Alrighty, here is my first Kingdom Hearts fanfic posted. This isn't Sora/Roxas yaoi. But it will become such if you would like. I'm thinking about continuing, only if I get reviews.
Disclaimer: I don't own Kingdom Hearts or any of it's characters or places. I simply own this fanfiction. If I did own it, however, this would not be here. It would be published, ne? Have fun then!
When You Were There
Written by Devastation-Eve
I wanted to see Roxas. He...was the only one I liked.
I knew I had lost him, somehow. When Sora came to me, eyes so wide and guilty, I felt something course through me. My stomach flipped, my adrenaline rushed, and I clenched my hands to rid myself of the pounding that started in my head. When Sora opened his mouth and spoke my best friend's name, I could have killed him, because I knew soemthing bad was coming.
"Axel...Axel is gone. I-I'm sorry Roxas...he faded away..." His voice was cracking. I remembered the look of pain in his familiar eyes when I turned away from him. I wouldn't hear anymore. It hurt me; it still does. Because I couldn't feel sadness for my loss, I felt pain. Yet still, after all the times Superior told us we didn't have hearts, of all the times we were manipulated into thinking that we couldn't feel a thing... I chose then to ignore his words the most. And that's when everything flooded. Tears made their way to my eyes, and even when I tried to push them back, they still fell onto my cheeks in a steady river. When Sora put his hand on my shoulder, I slapped it and jerked away from his touch, because I couldn't stand it. I felt his shock, actually running through me. I knew he was just as surprised as I was that I pulled away, and even more when I turned around.
"You-You're crying..?" If possible, his eyes got more wide, less believing. Harshly, I tried to wipe the tears away, scratching myself with my short finger nails and I did so. And I was pulled into a tight embrace by my somebody, causing me to struggle. I pushed him roughly, trying to get away. Sora was the last person I wanted to see. Hayner. I thought Hayner definetly would have helped the situation a lot better than Sora. But he was surprisingly warm, almost like Axel, and instead of making me upset, it comforted me. My struggle ceased, and I leaned against Sora, head resting on the crook of his neck, buried into his skin. He rubbed my back gently, a bit awkwardly at first, then he placed his cheek on my head. I felt his breath on my forehead, making the hair on my neck stand up on end. I was lulled into a dizzy, staring down at the ground with half opened eyes. I wished Axel was there, in the place of Sora, rubbing my back and whispering soothing words to me. He was never one to be cuddly or soothing, but his presence made me feel better, and just by looking at him I knew he was always there for me. After a long moment of sniffling and hiding my face in Sora's shirt, I wrapped my arms delicately around his waist and pulled him closer, recieving a slight gasp from the brunette; but he never let go. Not for a long time.
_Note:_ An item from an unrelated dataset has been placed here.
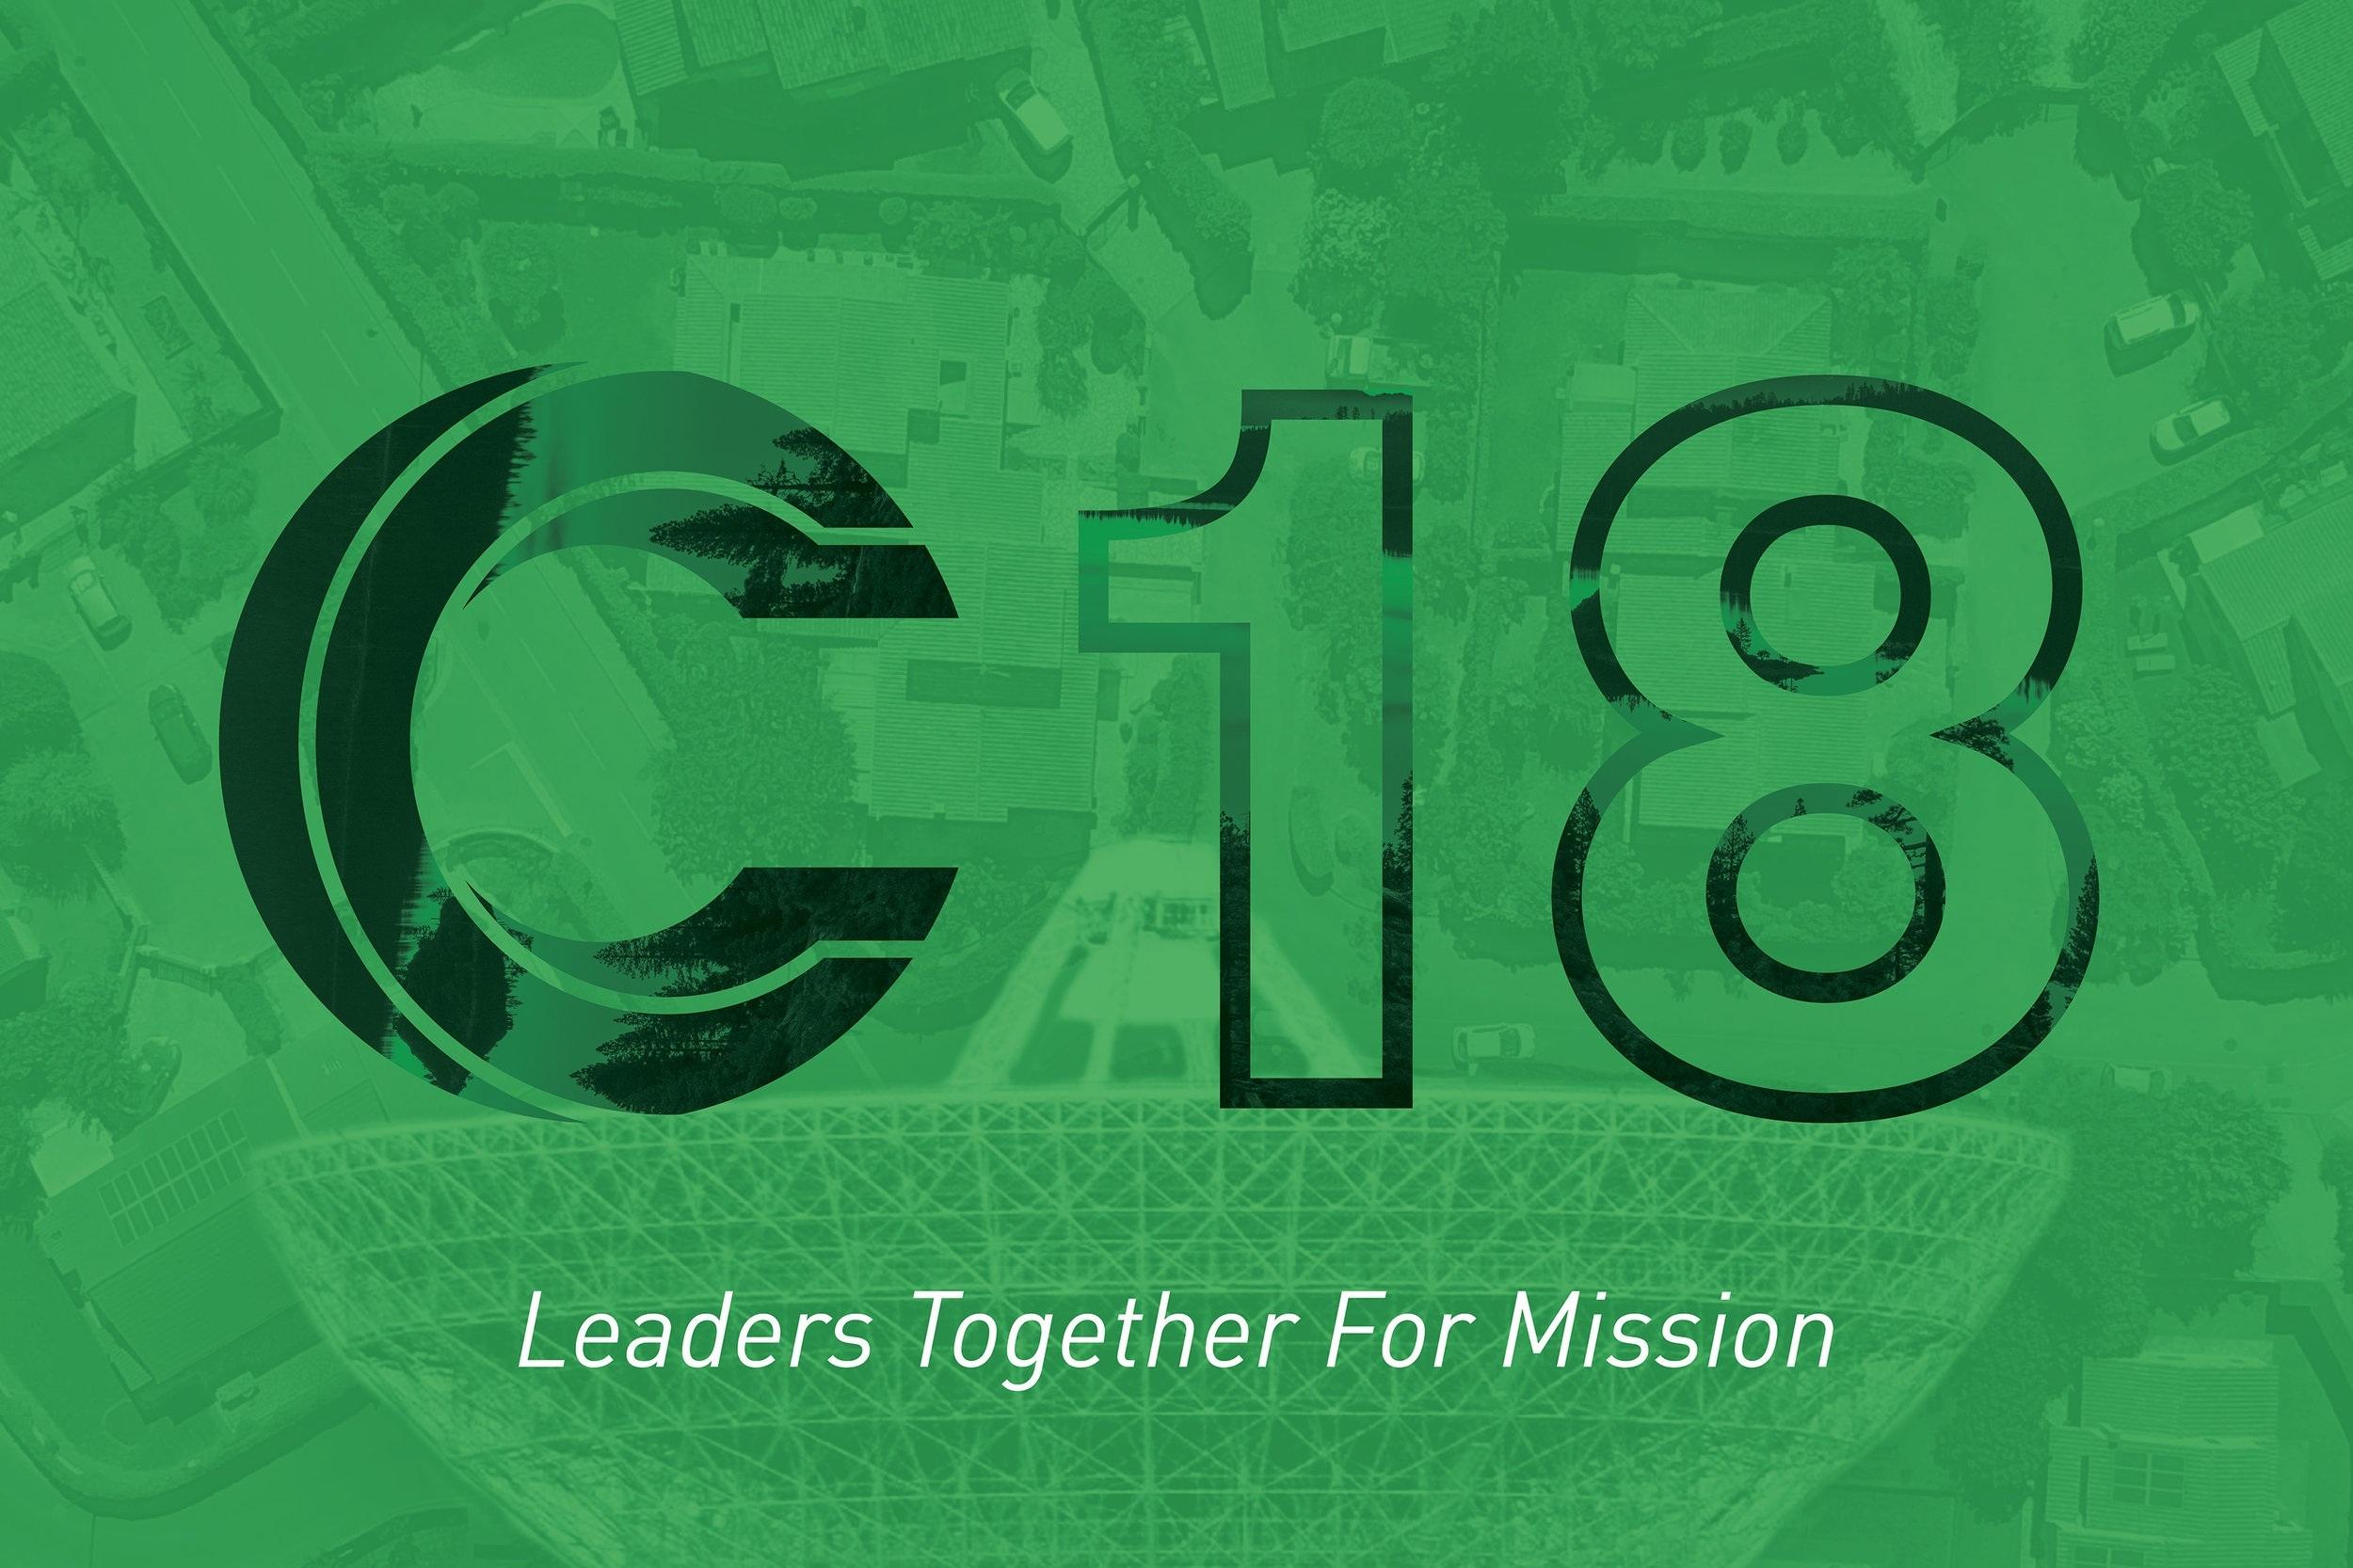 C18leadership.jpg

The sun was setting in Twilight Town, and on the street, Sora still held me. But by then...I was already comforted. Because a new star had appeared in the sky, and a new camp fire roared somewhere in the distance. Soft words were muttered in my ear, the teen speaking them wasn't showing any signs of letting go until I stopped crying. And for that...
I cried until I drifted into a deep sleep. The fiery red-head haunted every minute of it.